Может быть, Курицын и рад “играть с дискурсом” российского боевика — да не знает как. И история про новый наркотик акварель, и боевые похождения фээсбэшника Матадора с его любовью к провинциальной девушке Арине, приехавшей в Москву за славой и впечатлениями, и ходульно-обязательная сюжетная канва с битвой силовых ведомств за власть и рынок (наркотиков, понятное дело), и любимые курицынские идеи о легализации легких наркотиков, и стеб а ля Пелевин на тему потребления кокаина советскими чекистами или же экзотических обрядов африканских племен — все это прежде всего скучно.
Ключевым для авторской концепции можно считать один из эпизодов романа: описание “тошнотворного шоу”. Шоу, прямо скажем, нехитрое. Участников двое — мужчина и женщина. На протяжении 66 минут он непрерывно ест. Из ее рук. А после кормления — она раздевается, он на нее блюет и они сливаются в объятьях. В зале смех и крики восторгов. Автор этой замечательной постановки идет к выходу и не без удовольствия думает про себя: “Какая мерзость”.

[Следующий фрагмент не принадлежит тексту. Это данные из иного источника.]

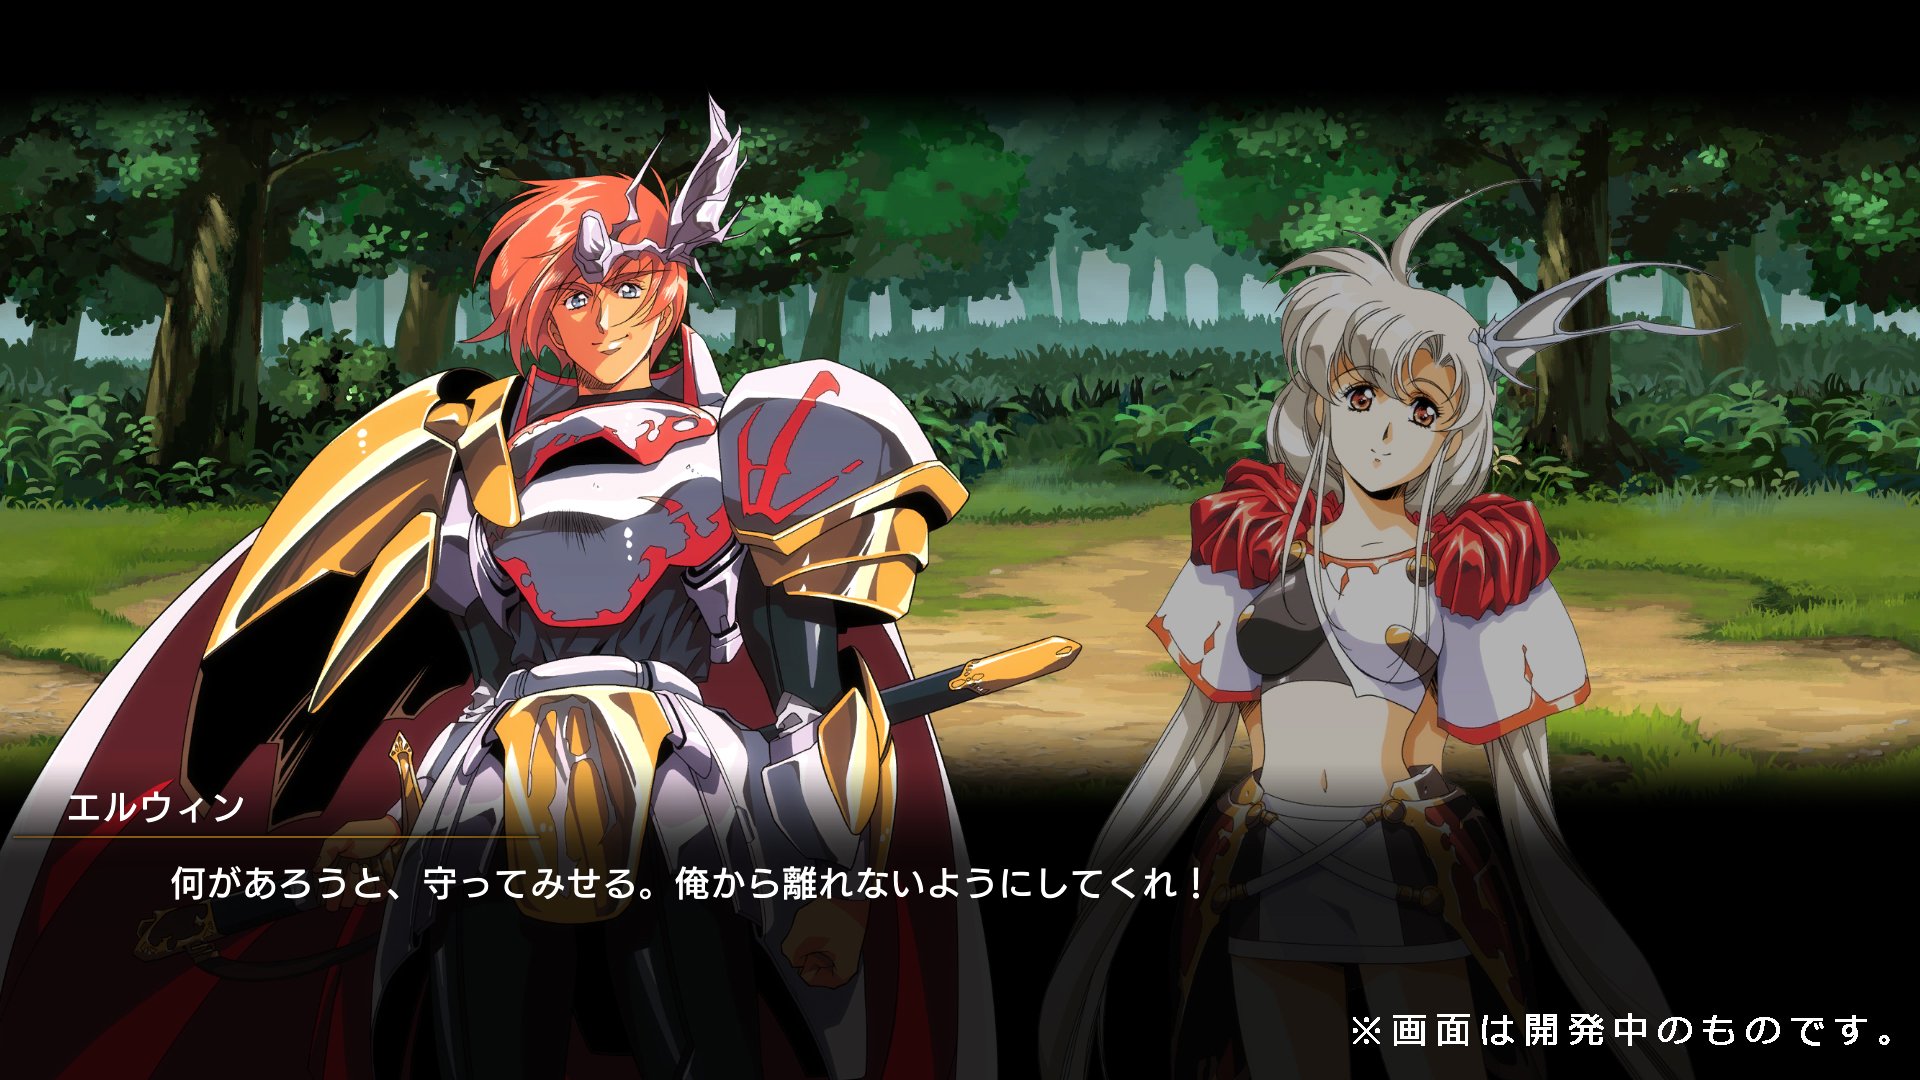 Langrisser i ii dated for japan limited edition details cover art screens new features and more the archives
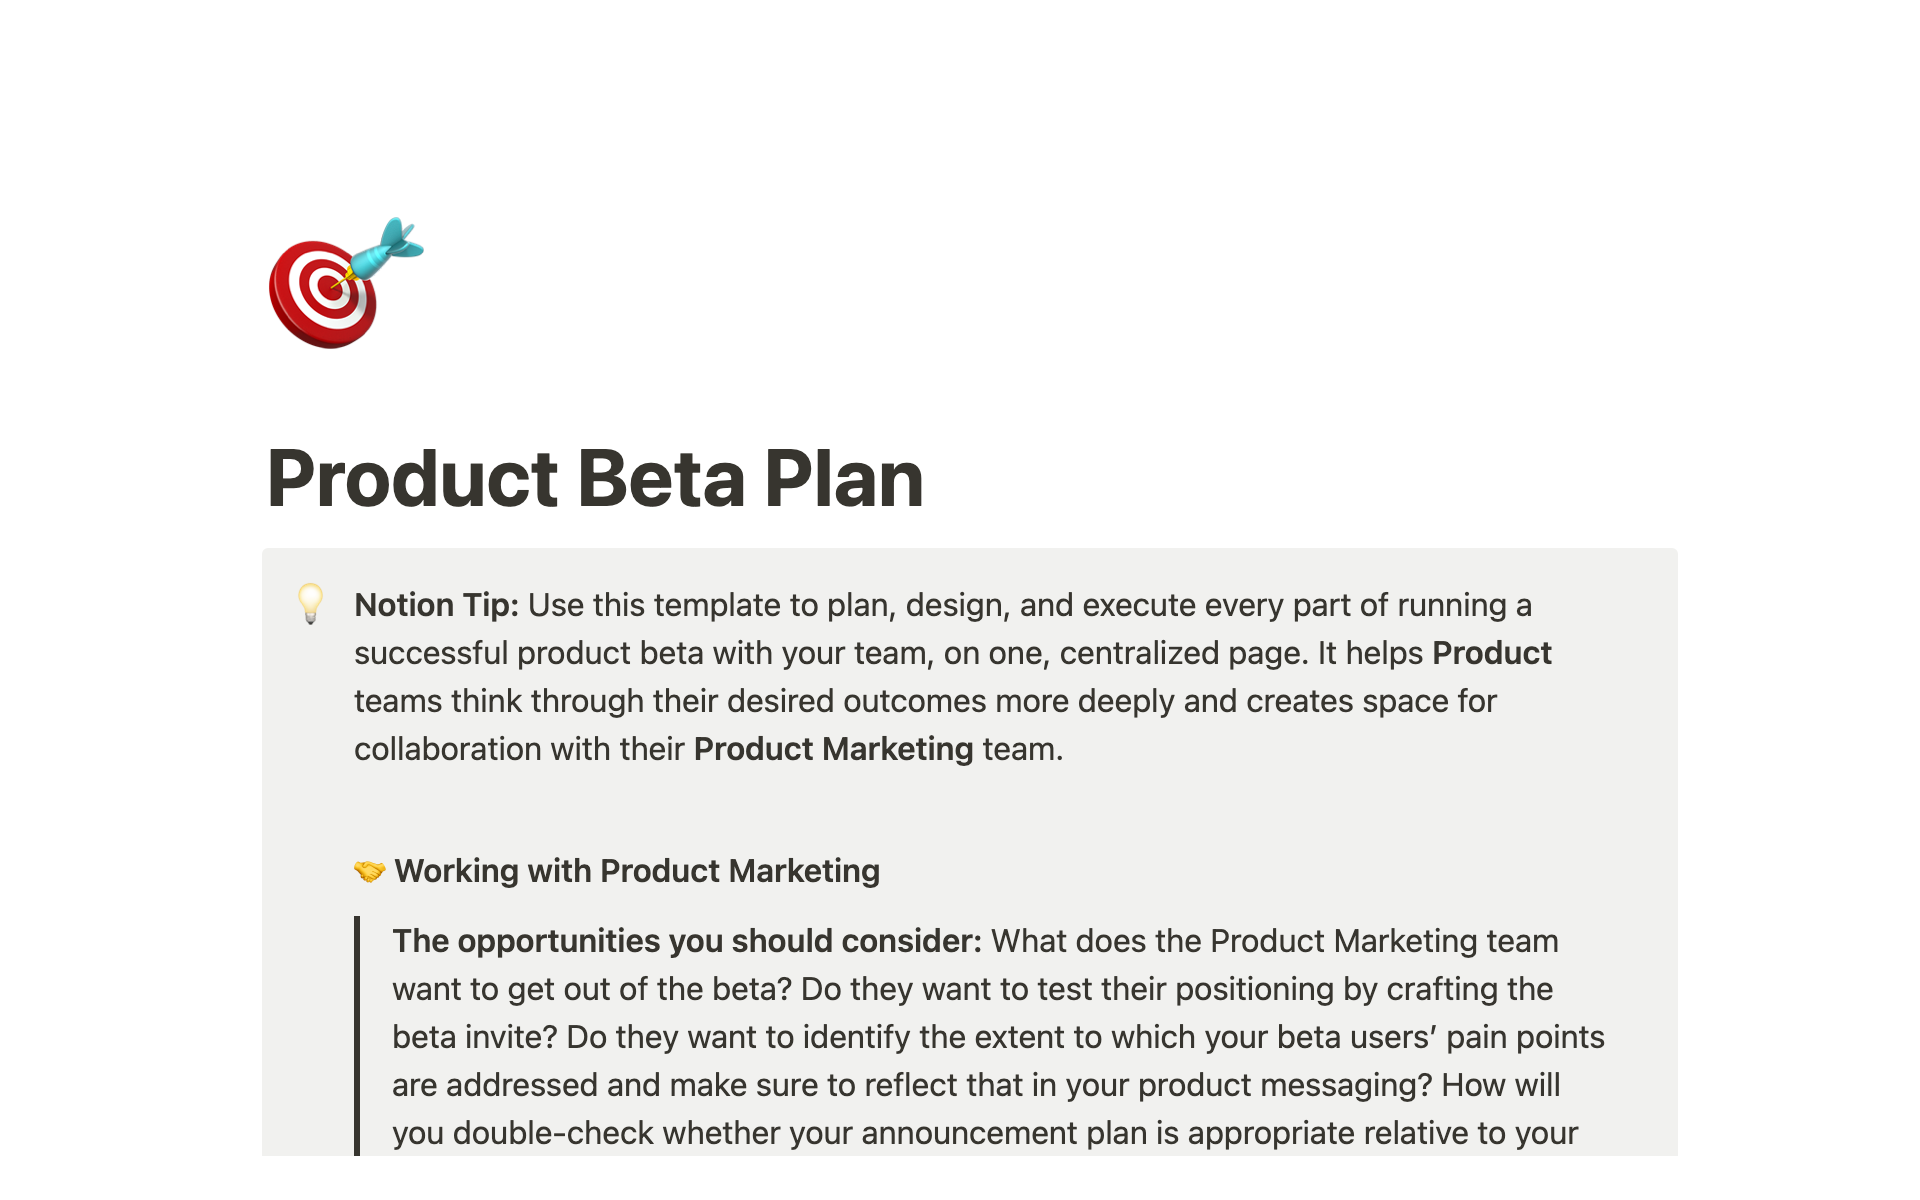 This template helps Product teams, and startups, think through their desired outcomes more deeply, and creates space for collaboration with their Product Marketing team.

Ладно бы мерзость — скука!
4. Интернет
В каком-то смысле качественный сдвиг уже произошел. Литература стала интересней “литературного процесса”. Поскольку что такое литературный процесс? Статьи в толстых журналах? — но это даже не смешно. Статьи в газетах — как было еще совсем недавно? — но газеты давным-давно не печатают “статей”, в лучшем случае обзоры и рецензии. Перебранки между “продвинутыми” критиками в Интренете — гораздо смешнее, но очень напоминают детскую песочницу. И это уж точно не критика, а “форум”, разговор об интересном, где гораздо важнее написать позабористее, нежели анализировать и рассуждать. Это особый жанр, спровоцированный Интернетом. Точнее — Интернет навязал свою стилистику критикам, стилистику чата, мгновенной реакции на реплику собеседника. Тема разговора не столь важна. Здесь свои маски, свои персонажи, свои репутации, свой театр. Каждый выступает в своей роли: будь то Андрей Немзер, Аделаида Метелкина, Дмитрий Ольшанский, Александр Агеев или Вячеслав Курицын. Интернет оперативен. Времени от прочтения книги (произведения) до опубликования рецензии ничтожно мало. Ровно столько, сколько необходимо критику, чтобы прочесть (просмотреть) книгу и написать небольшой текст (страница, две, максимум пять). Это почти импровизация, сходу высказанное мнение. Даже не мнение, а “реакция”, на которую в свою очередь следуют реакции других участников форума. Здесь нет стилистических преград и препон. Простят любую вольность — зато заметят небрежности и опечатки. Афористичность, остроумие, легкое, непринужденное письмо, “крутость”, “отвязность” в языке здесь ценятся больше, чем “глубокие концепции” и “вдумчивые прочтения”. На их изложение и места, впрочем, нет. Это литературный треп нон-стоп. В бешеном темпе, без оглядки и паузы, без долгих раздумий.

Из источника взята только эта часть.